Problem Statement
Solve the Newton’s Laws / mechanics problem: A car starts from rest on a circular track of radius $R = 500\,\text{m}$ with tangential acceleration $w_\tau = 0.80\,\text{m/s}^2$. At what time will the normal acceleration equal the tangential? How far has the car gone? Speed at time $t$: $v = w_\tau t$ Normal acceleration: $w_n = v^2/R = w_\tau^
Given Information
- $R = 500\,\text{m}$
- $w_\tau = 0.80\,\text{m/s}$
Physical Concepts & Formulas
Circular motion requires a centripetal force directed toward the centre, providing the centripetal acceleration $a_c = v^2/r = \omega^2 r$. This force is not a new type of force — it is always the resultant of real forces (tension, normal force, friction, gravity) directed inward. At the minimum speed for maintaining contact, the normal force drops to zero.

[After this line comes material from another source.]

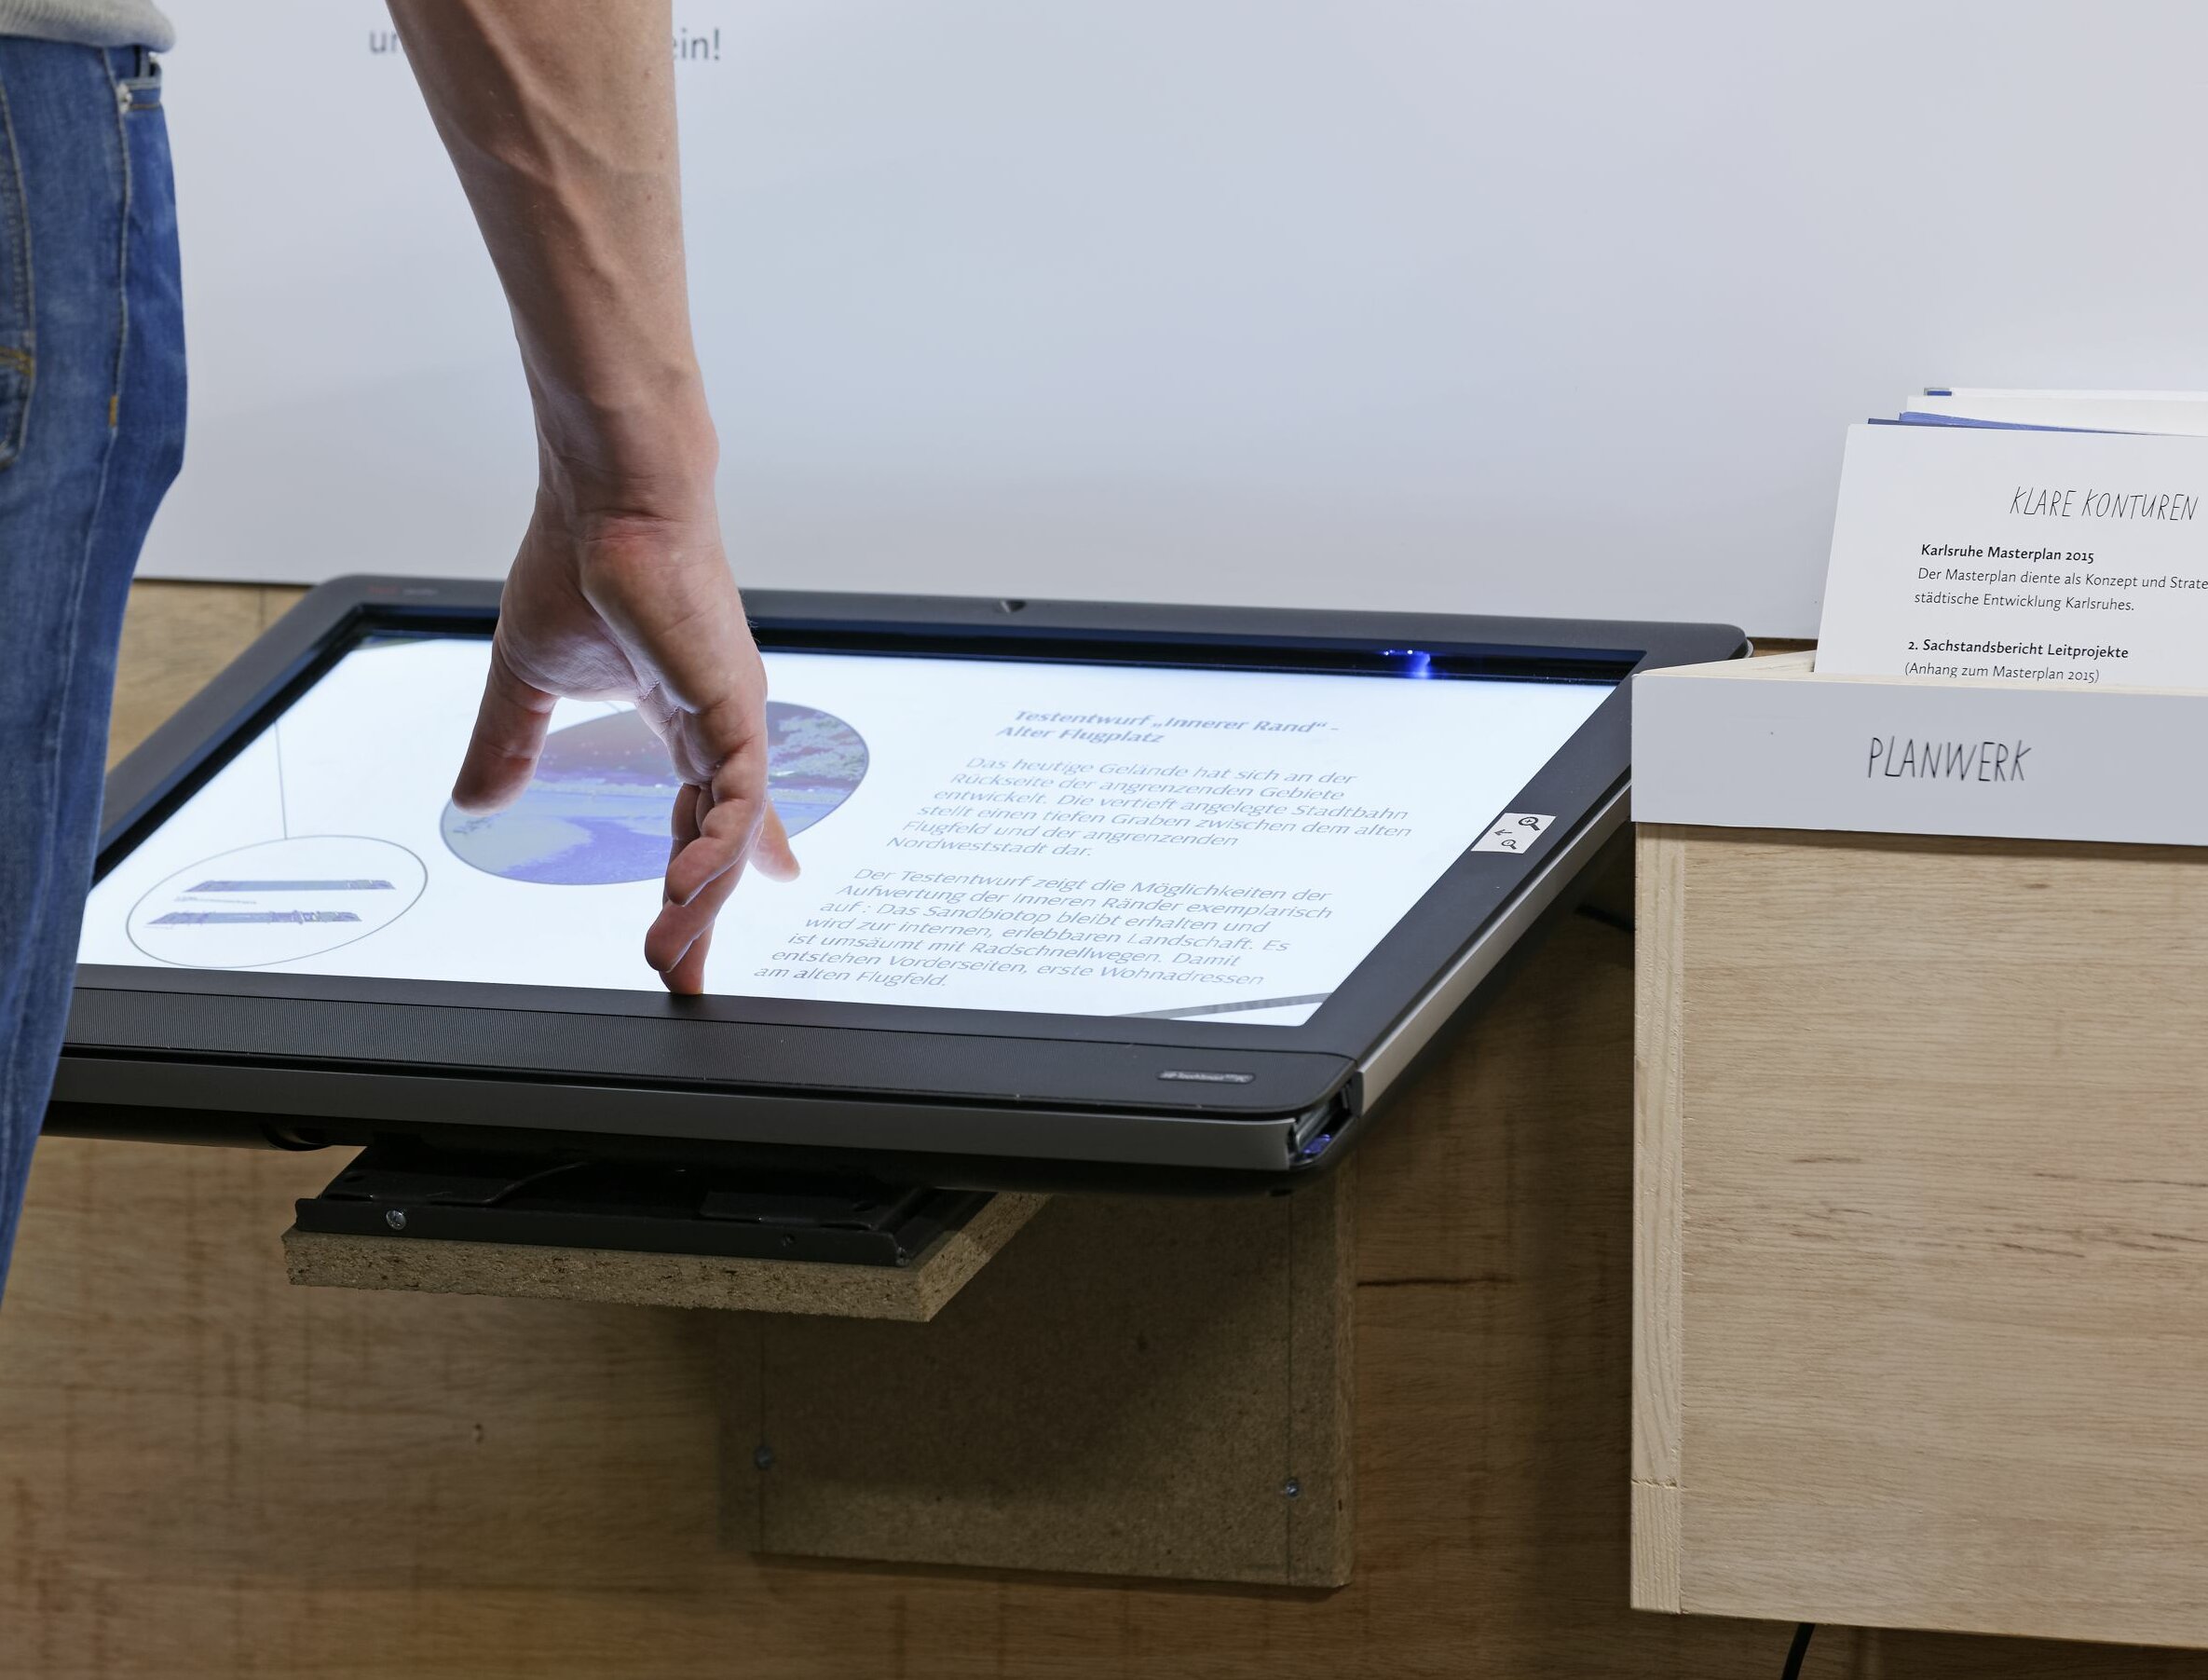 Abbildung eines Touchscreens in der Ausstellung

- $a_c = v^2/R = \omega^2 R$ — centripetal acceleration
- $F_c = mv^2/R$ — net centripetal force needed
- Banked curve: $\tan\theta = v^2/(Rg)$ — ideal banking angle
- Loop minimum speed: $v_{\min} = \sqrt{gR}$ at top (N=0)
Step-by-Step Solution
Step 1 — Verify the result: Check units, limiting cases, and order of magnitude to confirm the answer is physically reasonable.
Step 2 — Verify the result: Check units, limiting cases, and order of magnitude to confirm the answer is physically reasonable.
Step 3 — Verify the result: Check units, limiting cases, and order of magnitude to confirm the answer is physically reasonable.
Worked Calculation
Full substitution shown in the steps above.
Answer
$$\boxed{a = \dfrac{(m_2-m_1)g}{m_1+m_2}}$$
Physical Interpretation
The centripetal force is not a ‘new’ force but the net inward resultant of real forces. If that resultant falls below $mv^2/r$, the object cannot maintain circular motion and will fly outward — this is the critical condition for minimum speed problems.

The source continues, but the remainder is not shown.